The template should contain a paragraph whose text is the body anchor token:

```text
{{ body_anchor }}
```

`docxrender` sets `body_anchor` in the template context when the caller does not
provide it.

## Style Configuration

`docxrender` does not read TOML, JSON, YAML, or any other config file in its public
API. Callers convert their own configuration into `DocxStyle`.

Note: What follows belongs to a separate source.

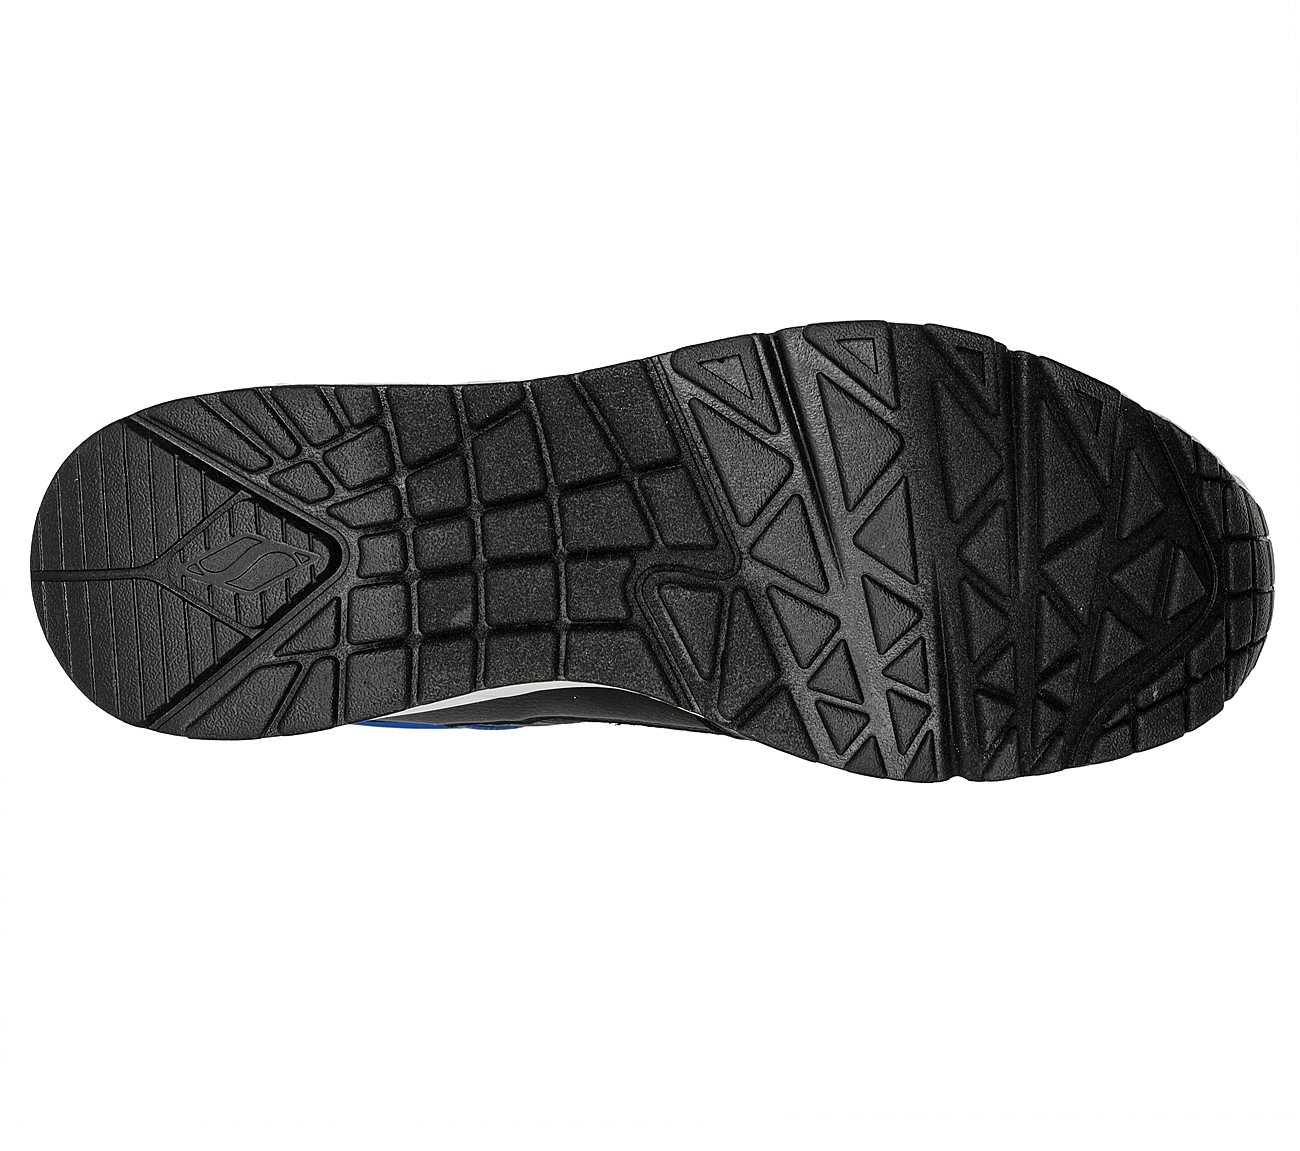 UNO - KEEP CLOSE, BLACK/BLUE Footwear Bottom View
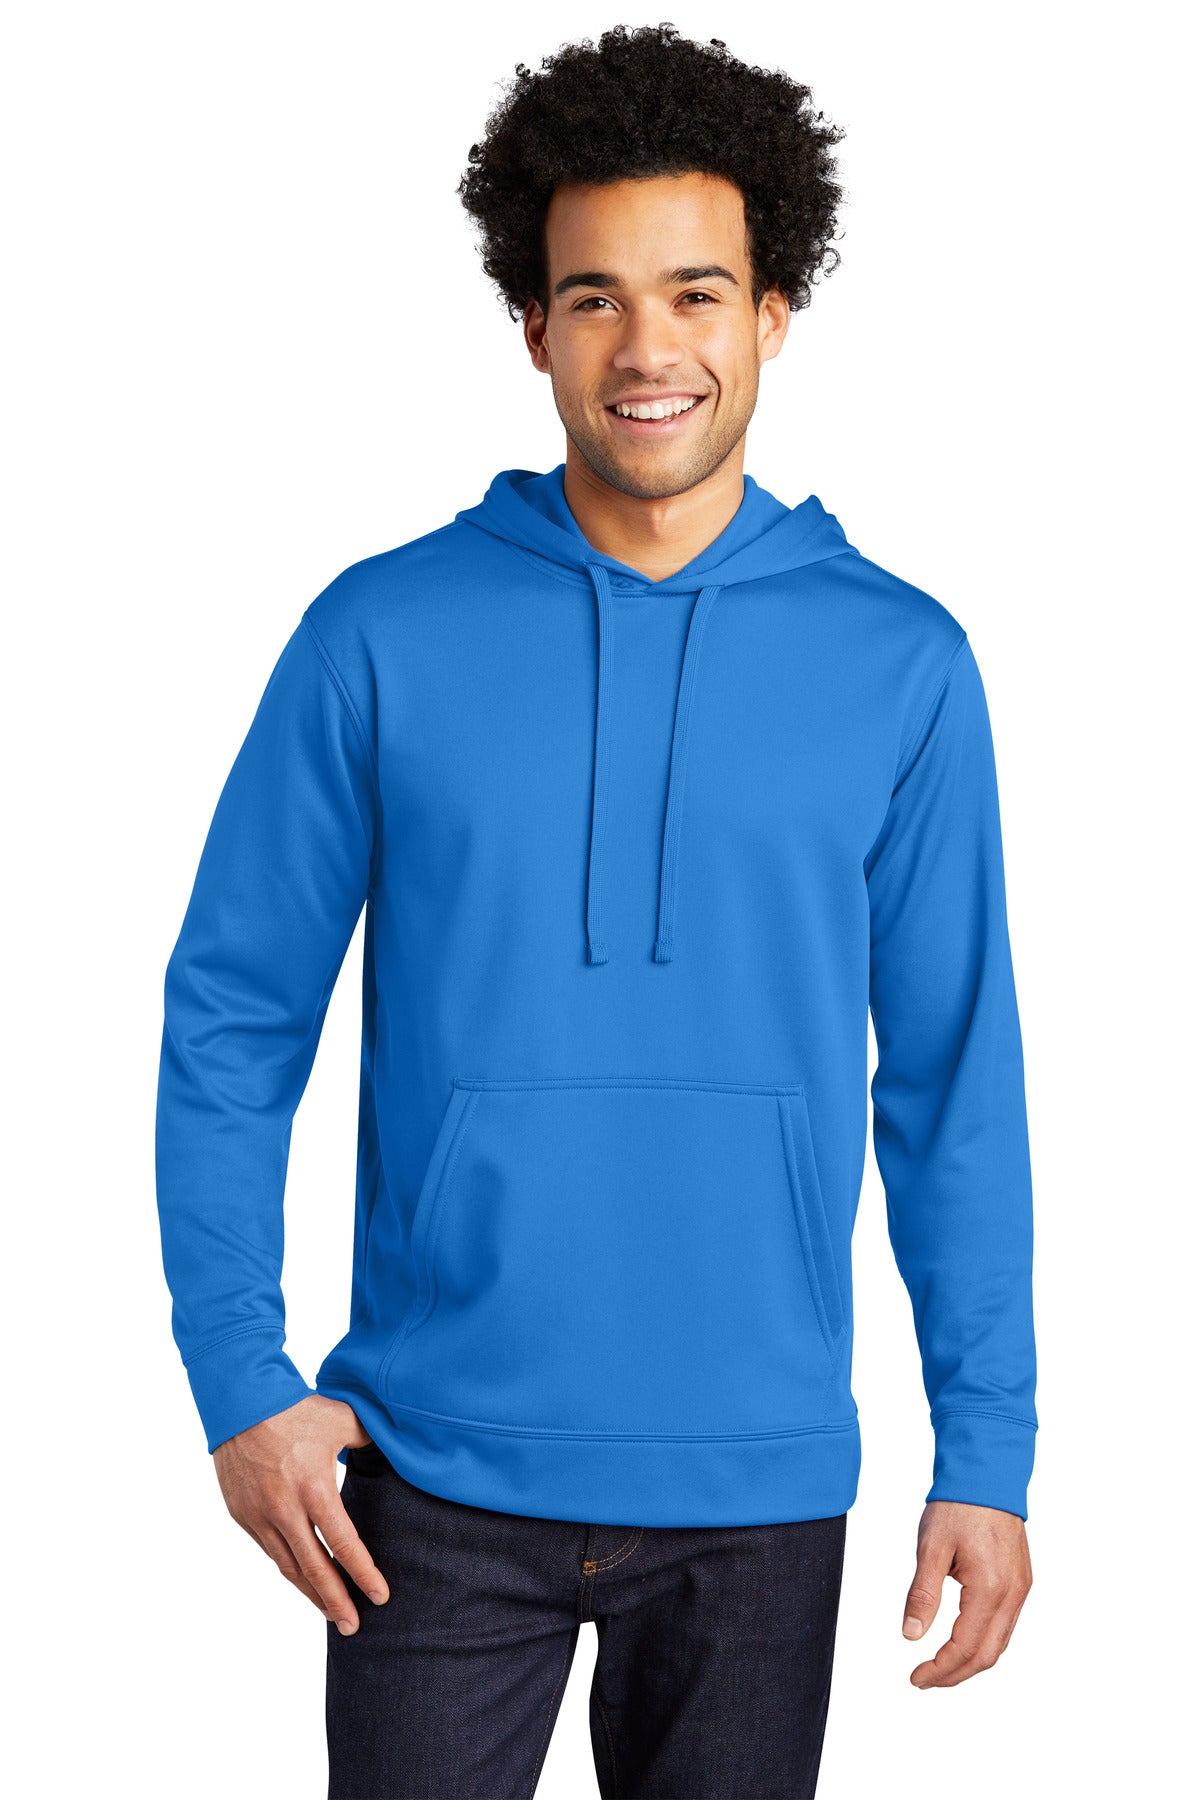 Photo of Port & Company Sweatshirts/Fleece PC590H  color  Royal

The initial style model is based on:

```text
/home/fqzhang/project/workflows/resources/common/report/style.toml
```

That file is a reference for fields and defaults, not a runtime dependency of
the package.

## Non-Goals

`docxrender` does not own:

- report manifest schemas
- workflow resource layout
- Jinja section discovery
- product-specific context builders
- figure registries or captions
- `Result/...` delivery path semantics
- `结果目录` text generation
- style config file readers

## Tests

Run the current test suite:

```bash
pdm run python -m pytest -v
```

`ty` is available as an advisory type checker beside pyright:

```bash
pdm run ty check .
```

Pyright remains the primary type gate.

The suite currently covers public API construction, minimal DOCX writing,
markdown body insertion, basic style application, and the boundary that
`docxrender` does not import product repositories.